Wu rose to prominence in the Shanghai film industry in the mid-1920s, first joining the Tianyi Film Company in 1925. She completed nine films with the company, including Heroine Li Feifei (1925), in which she portrayed a young woman who is almost driven to suicide after her engagement is threatened by a conniving manipulator. She played supporting roles in several films starring Hu Die, including Repentance (1925) and The Traumatic Romance of Liang and Zhu (1926).

In 1927, Wu joined the newly-established studio Huaju, completing some 22 films for the company; this represented almost the entirety of the studio's output. Wu took the English-language name White Rose Woo, which the film scholar Bao Weihong reads as a homage to the serial queen actress Pearl White, whose The Perils of Pauline had found great popularity in China. Wu gained a reputation for action, frequently being depicted as fighting men, and most of the films she did for Huaju were in the wuxia genre. She was often portrayed alongside studio co-founder Zhang Huimin, whom she was dating.

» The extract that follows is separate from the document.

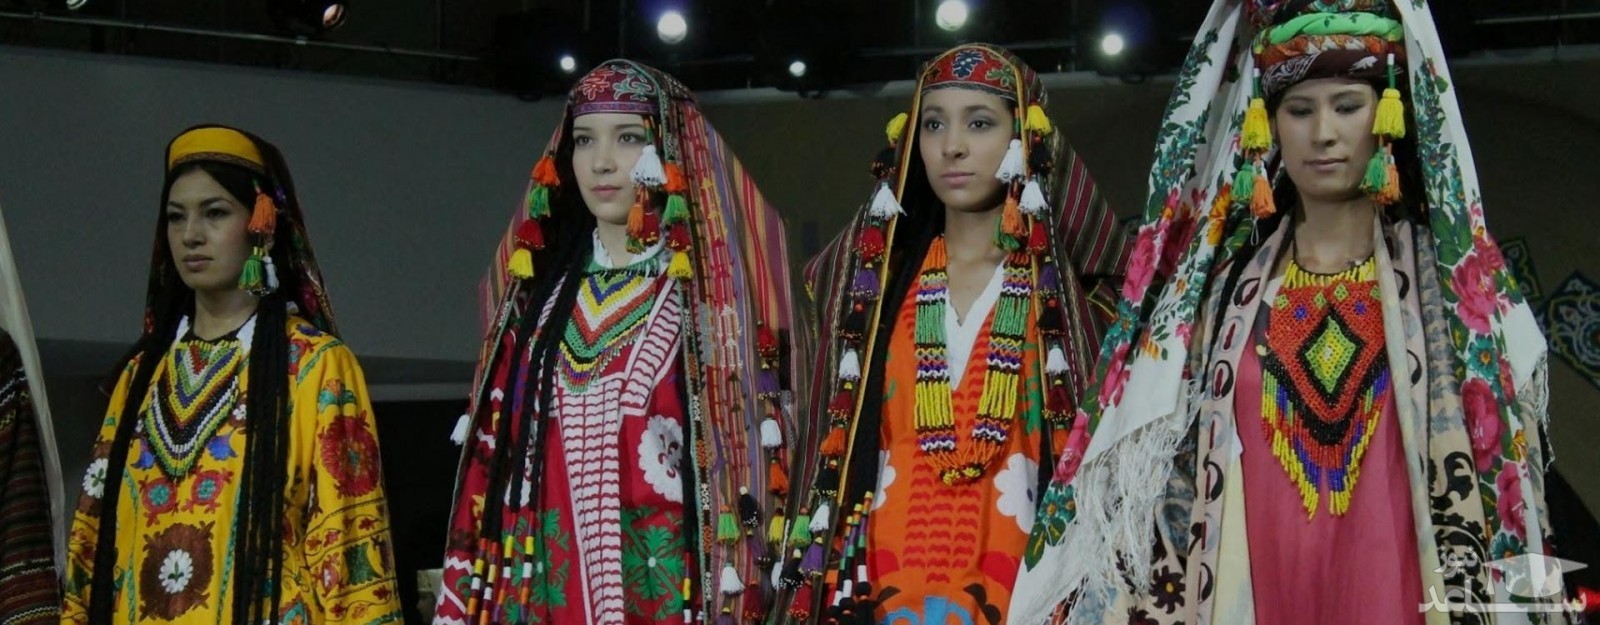 لباس سنتی زنان ازبکی

Wu made her debut for Huaju in 1927's White Lotus. Later that year she portrayed a young woman who works with another woman to rescue her kidnapped boyfriend from bandits in Lustrous Pearls (1927). Several of her films had her take gender disguise roles, including The Bandit of Shandong (1927) and The Wife of the Detective (1928); both films included sequences wherein a woman attempted to woo Wu's male-passing character. In The Valiant Girl White Rose (1929), Wu portrayed a teenage athlete who disguises herself as a man to save her father; she also served as assistant director on the film. Another film, Orphan in the Storm (1929), was a melodrama.

Huaju closed in 1931 as wuxia films were banned by the Kuomintang government for spreading superstition. Wu migrated to the Dahua Film Company, where she appeared in that company's adaptation of Zhang Henshui's novel Fate in Tears and Laughter playing the dual role of servant and abandoned wife. This film was one of two adaptations of the novel made that year, with the Mingxing Film Company making its own adaptation with Hu Die in the same roles. This resulted in a legal battle over filming rights, which ended with Mingxing having the right to release its version.

Wu had left the Shanghai film industry by 1933. She spent the 1930s on stage, touring through the Republic of China and later in Southeast Asia. Records of her activities afterwards are lacking, though she was reported to be appearing with Yang Naimei and Zhang Zhiyun in cameos in the Hong Kong musical comedy Heavenly Beauty. Of Wu's films, most have been lost. Orphan in the Storm has survived in its entirety. Meanwhile, only 27 minutes of The Valiant Girl White Rose are extant.